"Bajingan !!! Kenapa kau menyilangkan kudamu di depanku." Kata Sura Gentho marah.
"Agar kisanak tidak lagi mengejar gadis itu." Jawab pemuda itu sambil melepas kudanya.
"Apa urusanmu ? Kau bukan sanak kadang kami, kenapa peduli ?" Tanya Sura Gentho.
"Peristiwa ini bisa menjadi urusan setiap orang yang masih waras otaknya." Jawab pemuda itu.
Pertengkaran adu mulut terus terjadi. Pemuda itu dengan beraninya menghadang, setiap saat Sura Gentho hendak mengejar Cempluk lagi. Akhirnya terjadilah sebuah perkelahian di jalan dekat gapura masuk desa Ngampal.

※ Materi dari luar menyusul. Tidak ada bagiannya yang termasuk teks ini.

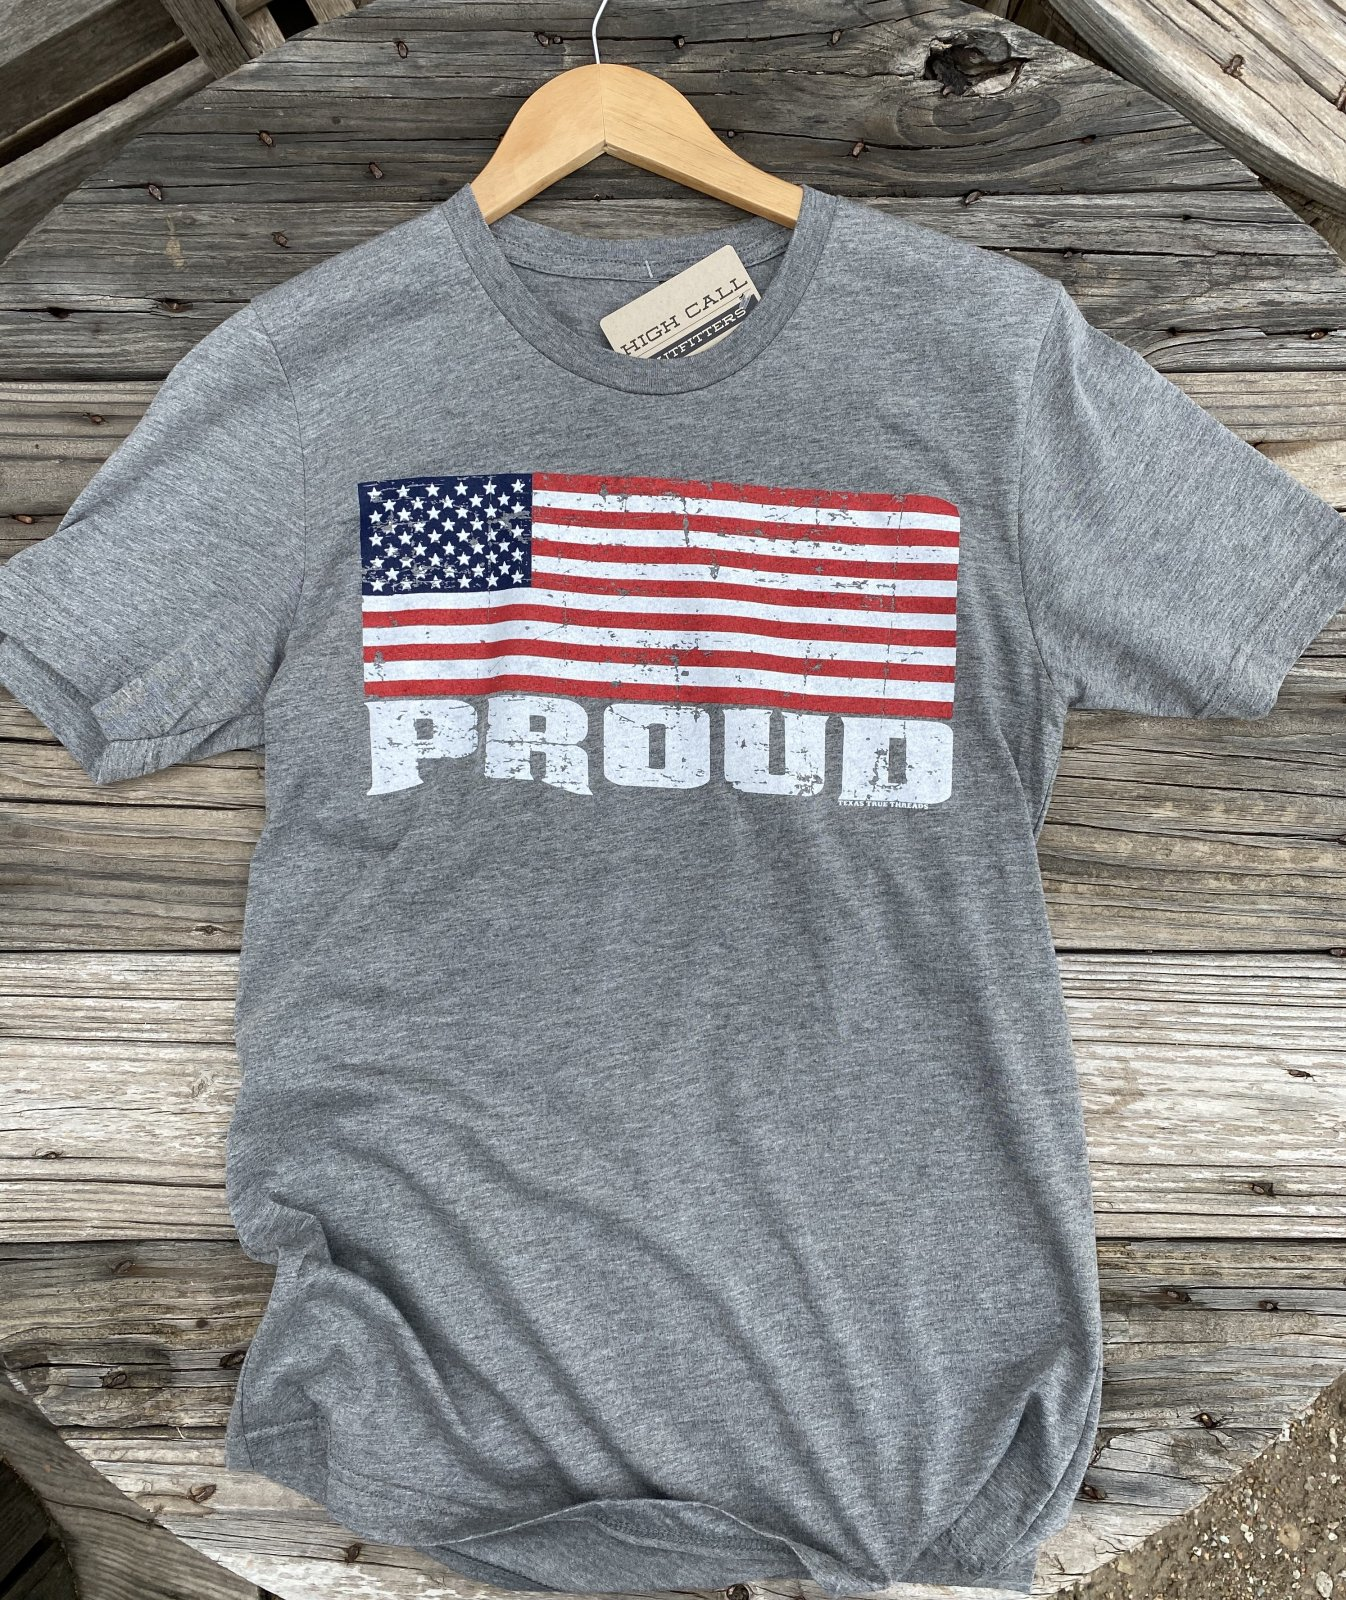 America Proud Graphic Tee

Cempluk berhenti mendengar teriakan-teriakan dua orang yang berbantah. Ia menoleh, matanya melihat sebuah pemandangan yang menakutkan. Sura Gentho tengah melancarkan serangan-serangan yang dahsyat kepada pemuda yang mengganggunya.
Cempluk tak ingin berlama-lama menyaksikan perkelahian itu. Ia tak mau keselamatannya terancam jika Sura Gentho memenangkan perkelahian. Iapun berlari lagi melanjutkan langkahnya untuk pulang.
****
Ki Ageng Sura Menggala terkejut anaknya berlari dengan tergesa-gesa masuk halaman. Ia segera bangkit dari duduknya di atas tanah di sisi pintu depan rumahnya. Waktu istirahatnya untuk mengeringkan keringat terganggu melihat Cempluk yang nampak ketakutan.
"Kenapa kau lari-lari seperti dikejar setan, nduk. Keringatmu deras, tubuhmu basah kuyub. Wajahmu juga pucat." Kata Ki Ageng.
"Bapa, hah hah hah. Kakang Sura Gentho bapa, hah hah." Katanya tersendat-sendat di tengah nafasnya yang masih terengah-engah. Berulang kali ia menelan ludahnya karena kehausan.